In this case the conditional distributions $p(\xx \mid \yy)$ and $p(\yy \mid \xx)$ can be drawn from analytically (they are normal distributions). However, for illustrative purposes we’ll use an MCMC kernel to draw from each. Specifically, we’ll use an RMH kernel to draw from $p(\xx \mid \yy)$ and an HMC kernel to draw from $p(\yy \mid \xx)$. To implement the corresponding MWG algorithm in BlackJAX, we’ll write an mwg_kernel() for the problem which will do the following:

Maintain separate MCMC kernels to update each component of $p(\xx, \yy)$ while holding the other fixed.
Apply the kernel updates correctly.

The issue with (2) is that each kernel update for a given MCMC Algorithm in BlackJAX refers to an algorithm-specific AlgorithmState. For example, RWState is a typing.NamedTuple class containing elements position and log_probability. In our MWG sampling problem at the beginning of step $t$, RWState.log_probability will consist of $\log p(\xx_{t-1}, \yy_{t-1})$. After updating $\xx$, it will consist of $\log p(\xx_{t}, \yy_{t-1})$. This happens automatically when we call blackjax.rmh.build_kernel(). However, after updating $\yy$ (via HMC), we must manually update RWState.log_probability to consist of $\log p(\xx_{t}, \yy_{t})$.

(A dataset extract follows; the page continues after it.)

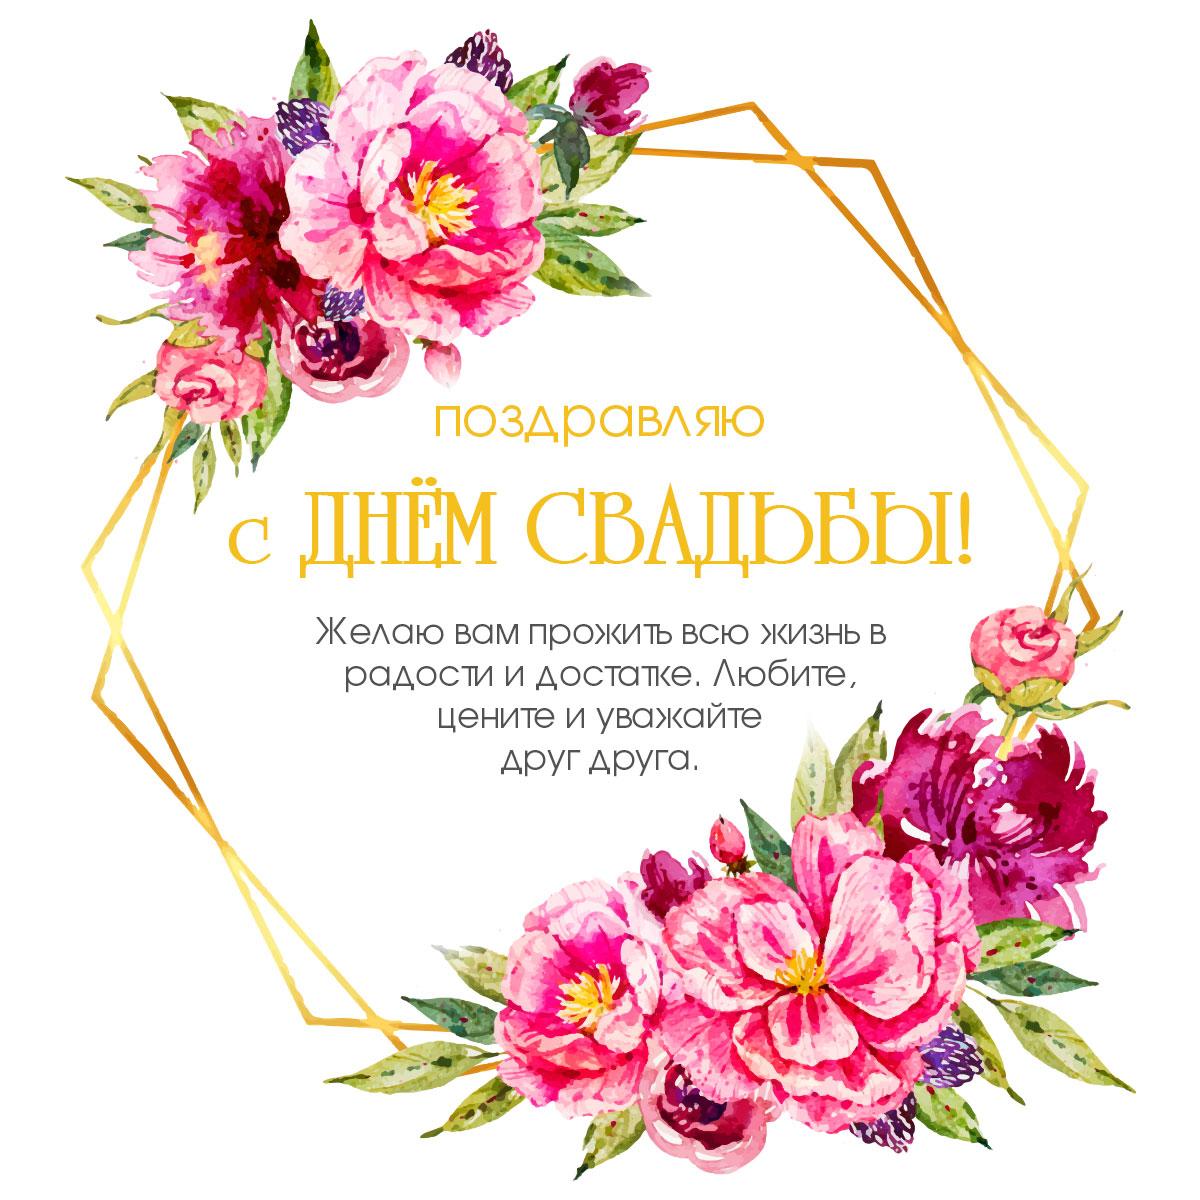 Надпись поздравляю с днем свадьбы в геометрической рамке с цветами.

A general way of performing this manual update is to use the blackjax.algorithm.init() function of the given component’s MCMC algorithm to update the AlgorithmState. This function has arguments position and logdensity_fn. For example with the HMC component, after obtaining $\xx_t$ but before drawing $\yy_t$, the position would be $\yy_{t-1}$ and the logdensity_fn function would be $\log p(\xx_t, \cdot )$.

Using this approach, we now are now ready to implement the Gibbs sampling kernel in the code below.

Construct the MWG Kernel#

# MCMC initializers for each set of paramters
mwg_init_x = blackjax.rmh.init
mwg_init_y = blackjax.hmc.init

# MCMC updaters
mwg_step_fn_x = blackjax.rmh.build_kernel()
mwg_step_fn_y = blackjax.hmc.build_kernel()  # default integrator, etc.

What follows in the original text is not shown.